Martinez's first argument fails on the merits. Her contention that there is a similarity between herself and Longest and Sedler, and therefore the failure to treat all violations alike is proof of a pretext for discrimination, presupposes that they are substantially similar. The Sixth Circuit, however, allows an employer to apply different rules differently. See Curry, 669 F. Supp. 2d at 827 ("[A]n employer may choose to treat different rule violations more or less severely without the employees being considered 'similarly situated'"). The Sixth Circuit explains that when it evaluates similarly-situated employees, its role is to determine whether unlawful motives guided the employer's decisions, not to "evaluate the employer's business judgment." Ladd v. Grand Trunk W. R.R., 552 F.3d 495, 503 (6th Cir. 2009). As such, Cracker Barrel's decision to discipline racial slurs more severely than age or gender slurs does not constitute proof of discrimination. Additionally, Longest and Sedler made inappropriate comments to each other whereas Martinez made inappropriate comments to her subordinates. Jones says that this is a significant difference from an HR perceptive. (Cracker Barrel's Exhibit T, p. 105).
Martinez's second argument fails on the same grounds - the two entities were not similarly situated. Indeed, Martinez received a harsher punishment than the employees but the difference in treatment was not linked to race; rather, it was linked to differences in job description. Martinez was a manager and managers are held to a higher standard. (Cracker Barrel's Exhibit T, p. 104).

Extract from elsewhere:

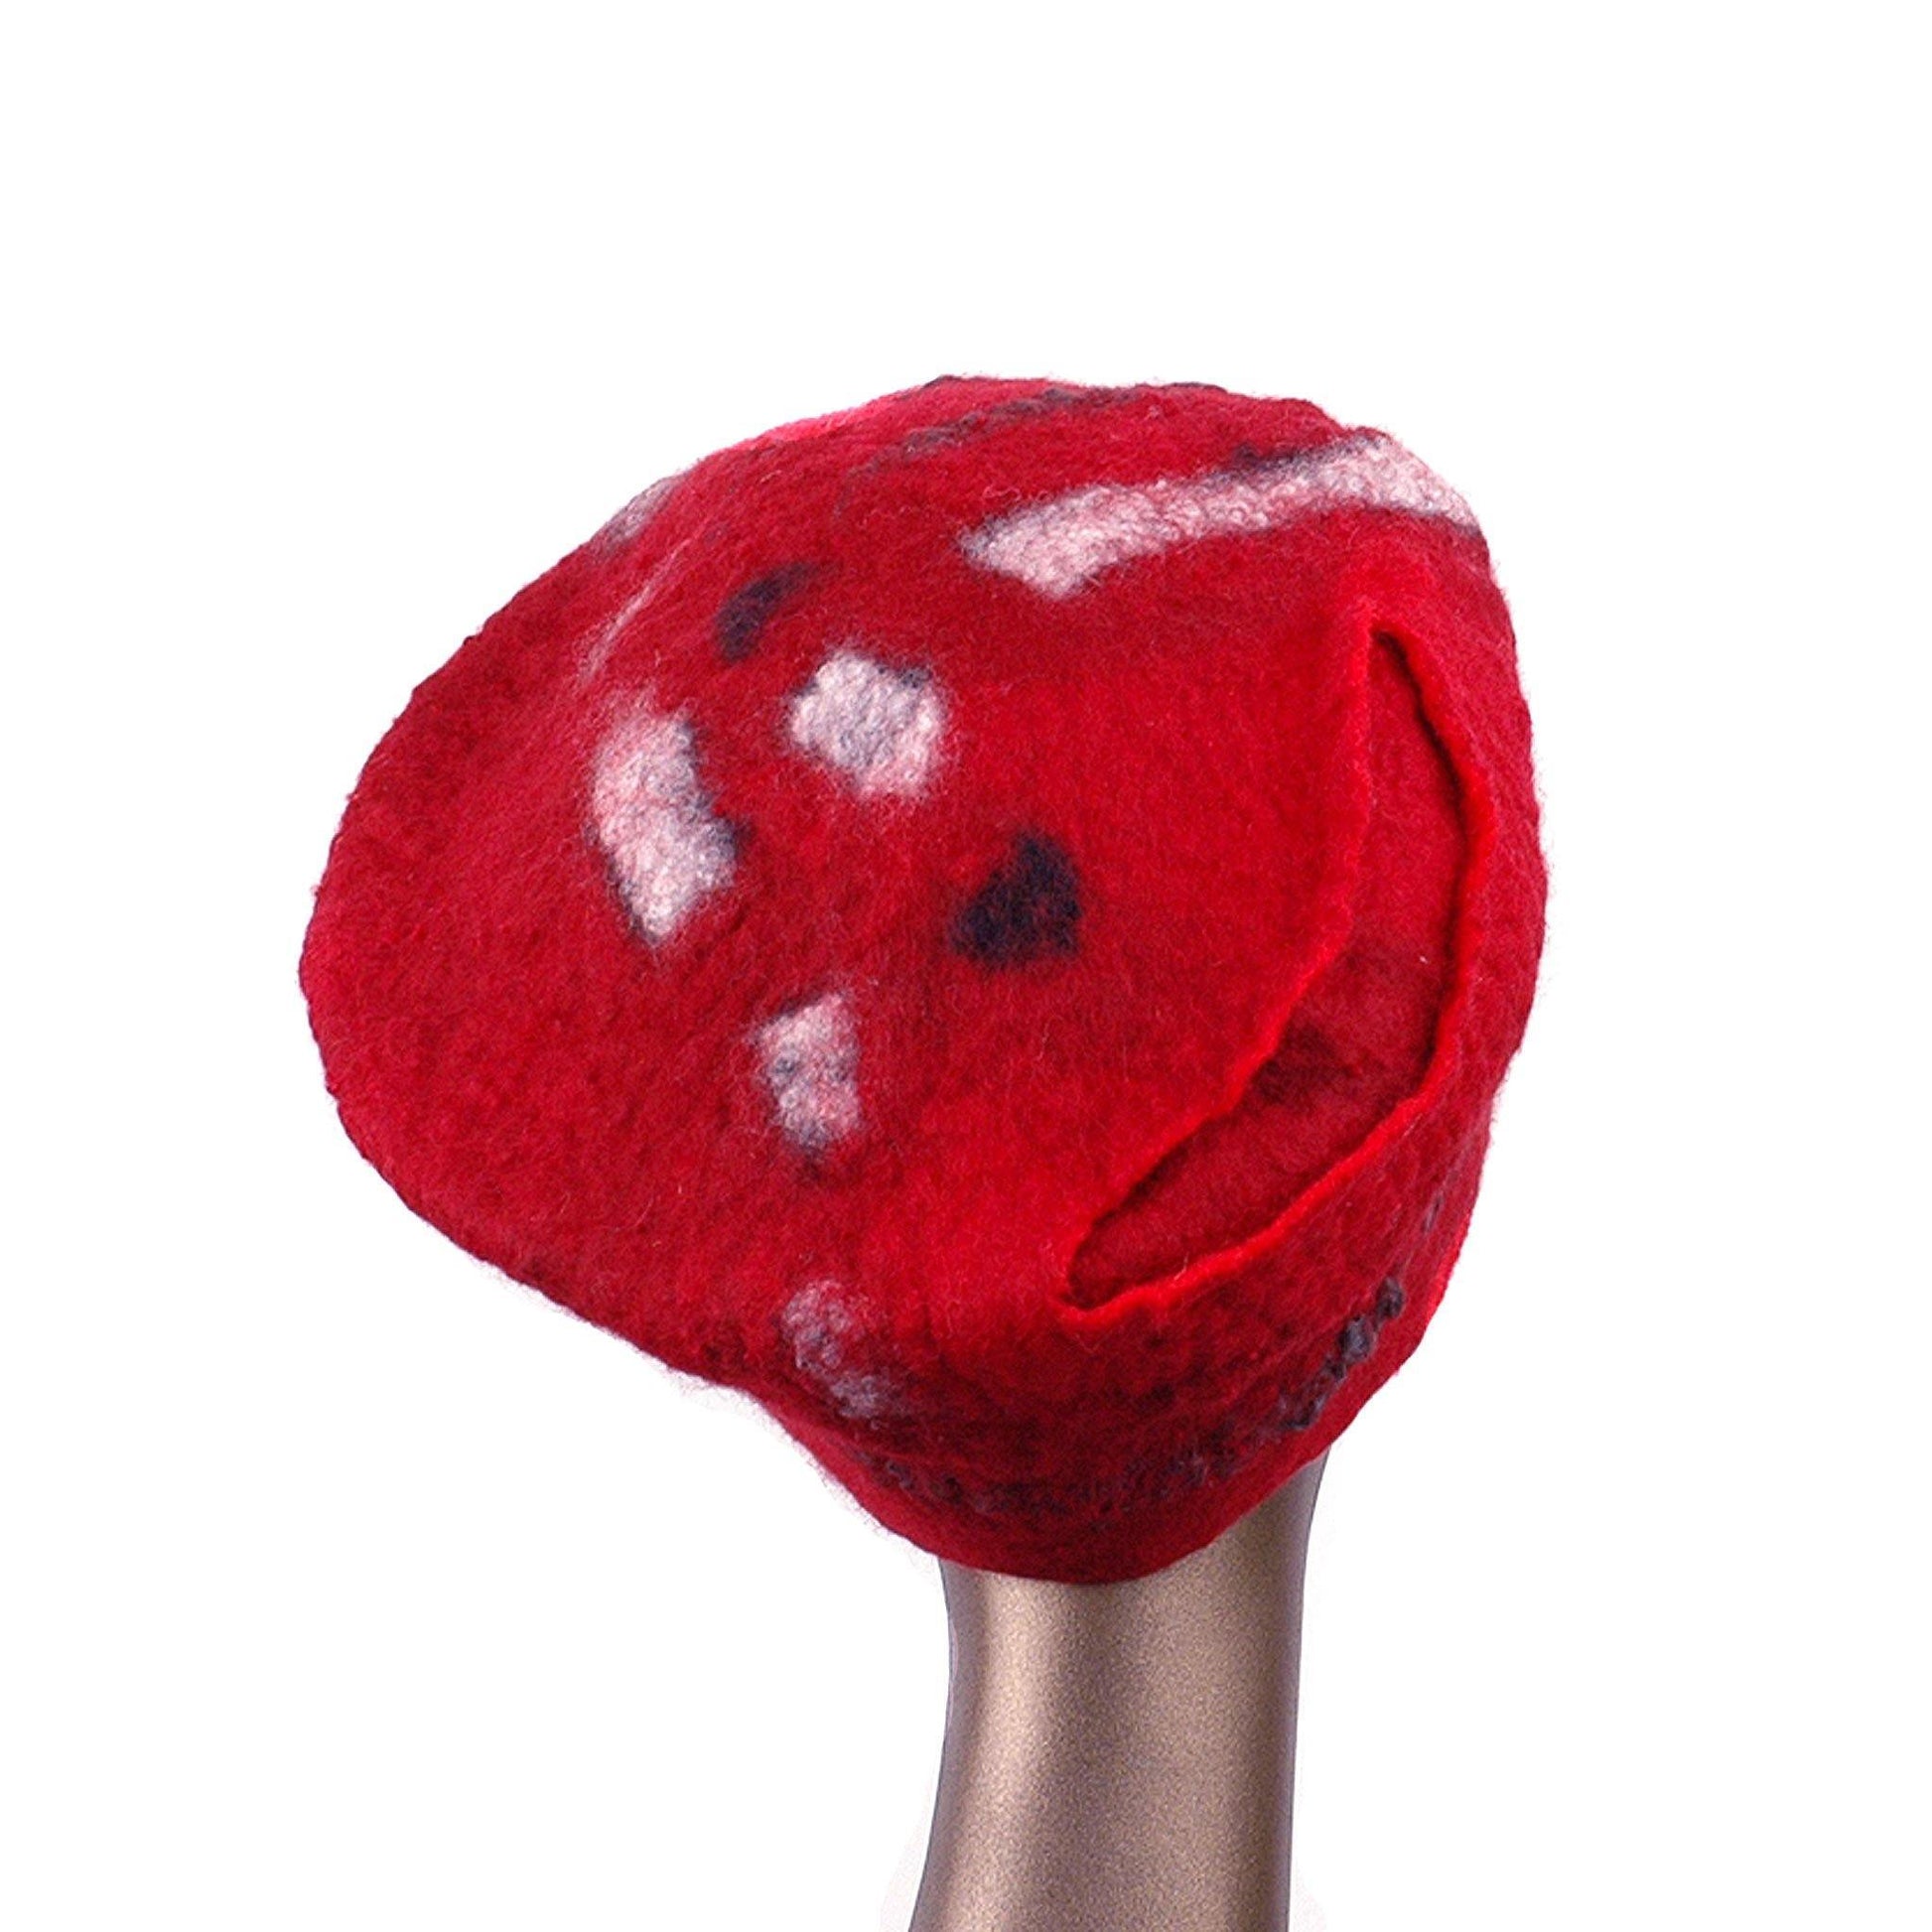 Russian Constructivist Inspired Red and Black Felted Beret - back view

In sum, there is no evidence that Cracker Barrel's reason for termination -Martinez's violation of company rules - was a pretext for discrimination. Upon receiving a complainant about Martinez, pursuant to company policy, Cracker Barrel initiated an investigation. It conducted a series of interviews and collected statements. The investigation revealed a series of inappropriate conversation and a pattern of offensive comments. It revealed that Martinez had violated a number of company policies and had created tension between herself and her subordinates. Upon completion of the investigation there was a recommendation to discharge Martinez. Martinez has failed to meet her summary judgment burden to show that her termination was a result of her race.
IV. Conclusion
Based on the above, Cracker Barrel's motion for summary judgment is GRANTED. The case is DISMISSED.
SO ORDERED.
AVERN COHN
UNITED STATES DISTRICT JUDGE
I hereby certify that a copy of the foregoing document was mailed to the attorneys of record on this date, August 29, 2011, by electronic and/or ordinary mail.